Citigroup also made inroads in US flow trading, increasing its market share with clients over the year.
“One of the key tenets of the business in derivatives is to try and make it as diversified as we can to not only increase revenues, but also lower volatility of these revenues,” said Quentin Andre, global head of equity derivative and delta one sales.
In credit, Citigroup was well-prepared for the significant challenges facing trading desks in March when markets slumped, creating what Morton calls a “real life stress test”.
One of the areas to come under pressure was some of the complex structures that slice up pools of credit-default swaps, known as collateralised synthetic obligations.

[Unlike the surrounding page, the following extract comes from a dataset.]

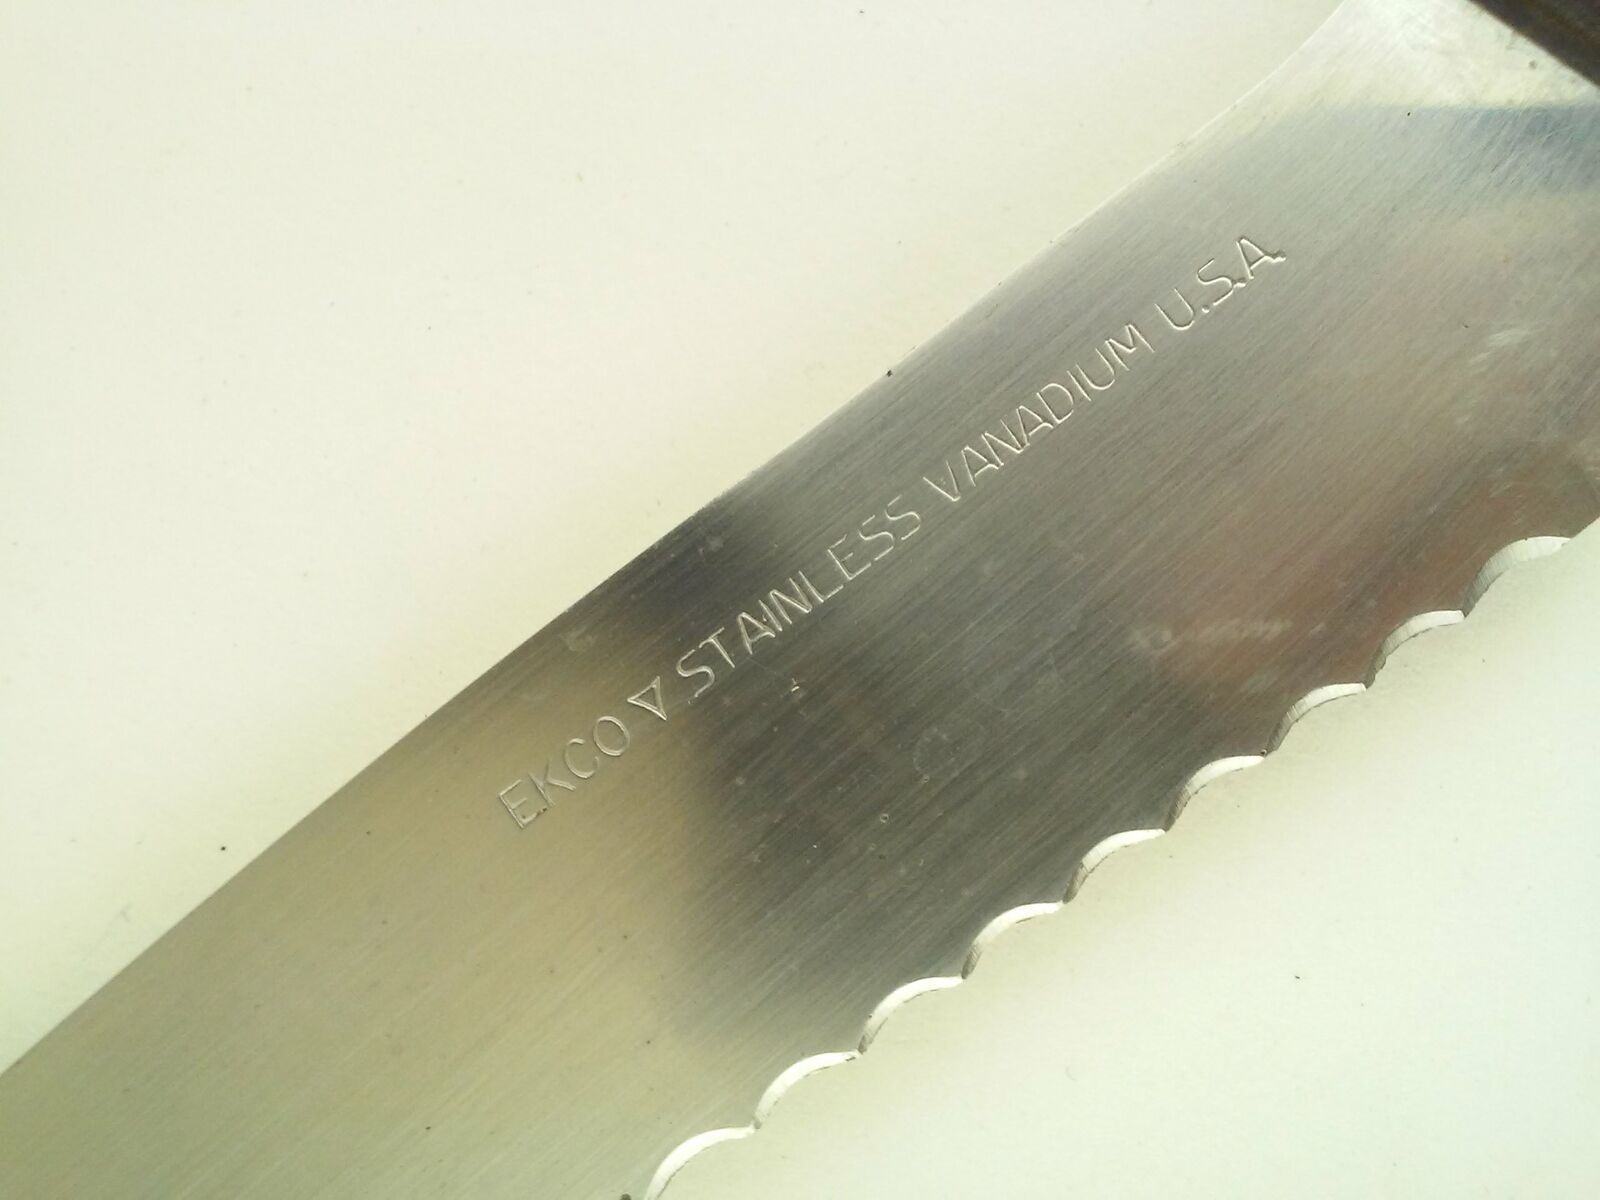 Ekco Offset Handle Stainless Vanadium Slicer Serving Cheese Knife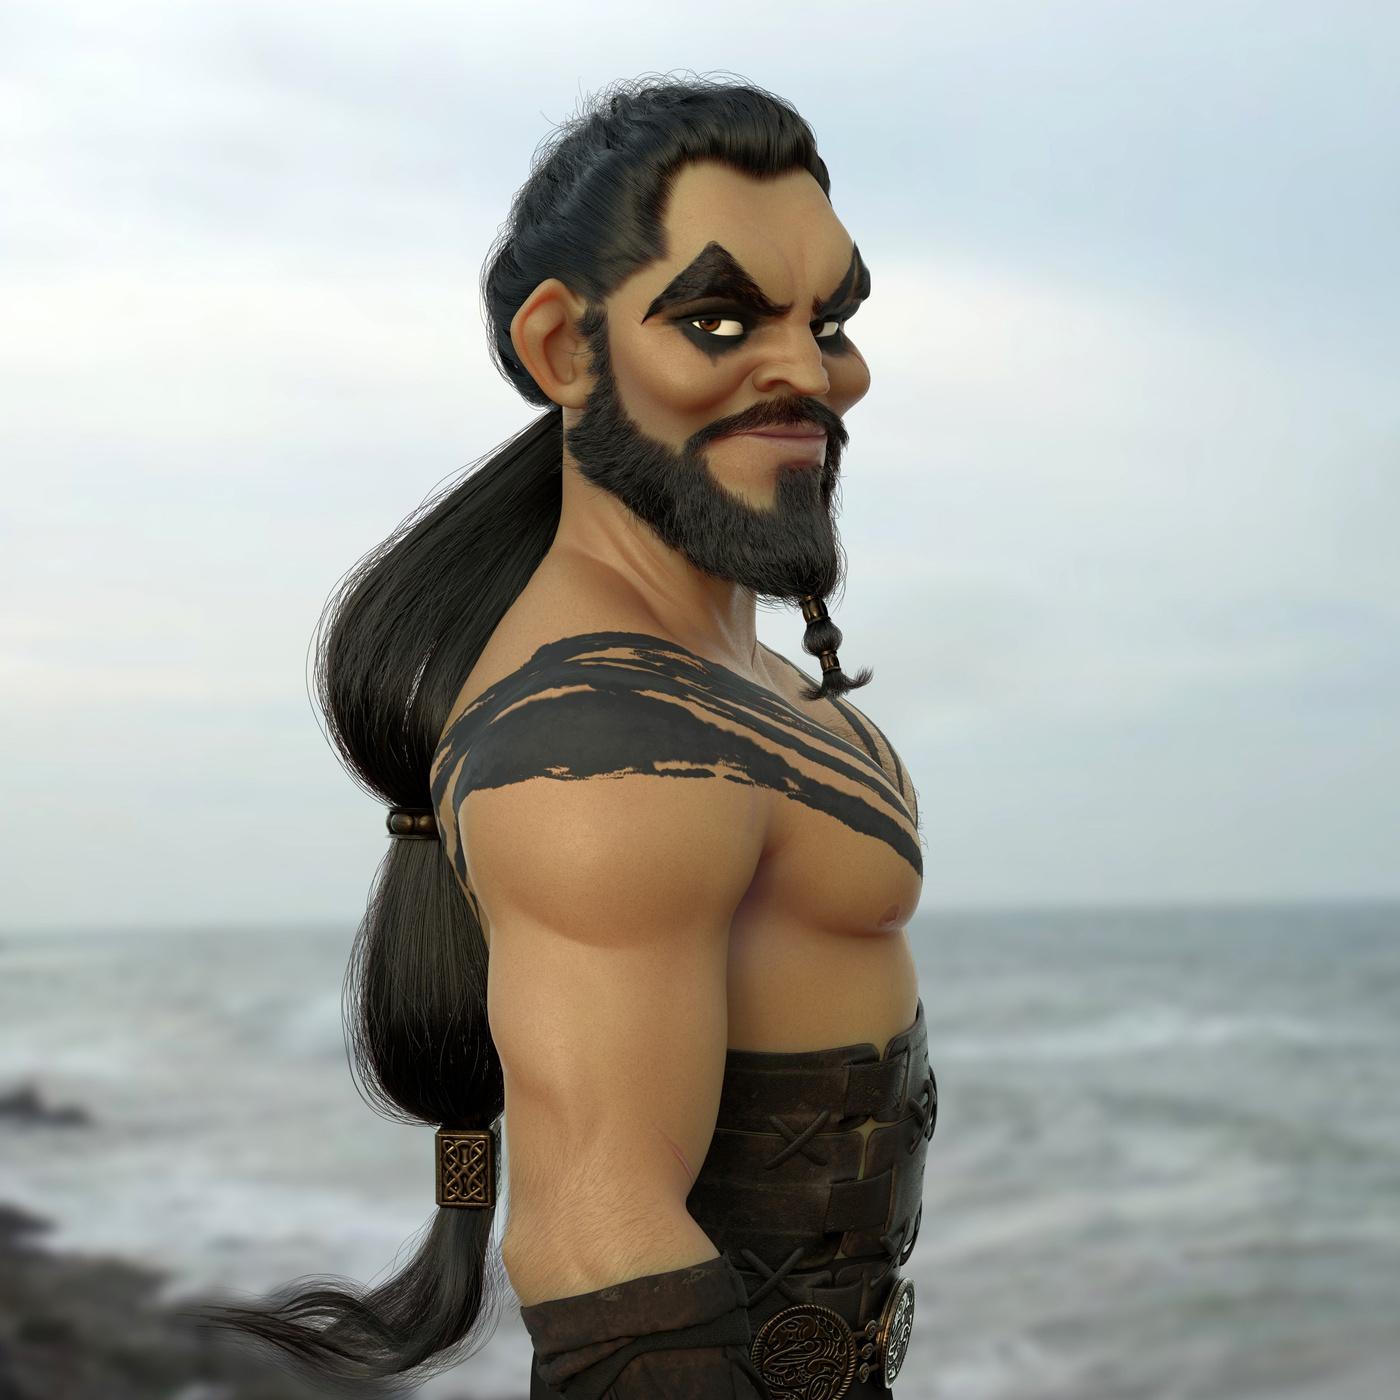 khal drogo game of thrones model stylised character design reneder

Citigroup’s traders anticipated the squeeze and were well-placed to help clients get out of loss-making positions.
“We went into the year risk-managing ourselves in a very disciplined way,” said Matt Zhang, global co-head of securitised products trading. That meant “we were able to be there and provide that liquidity that the clients needed so much”.
That included in CMBX – the derivatives index tracking commercial mortgage-backed securities, one of the worst-hit corners of credit markets. Citigroup said it retained a dominant market share that reached around 46% in March. It also increased its market share in other products such as standardised US index tranches.
“We are striving to be that credit powerhouse across the globe on every single product suite,” said Zhang.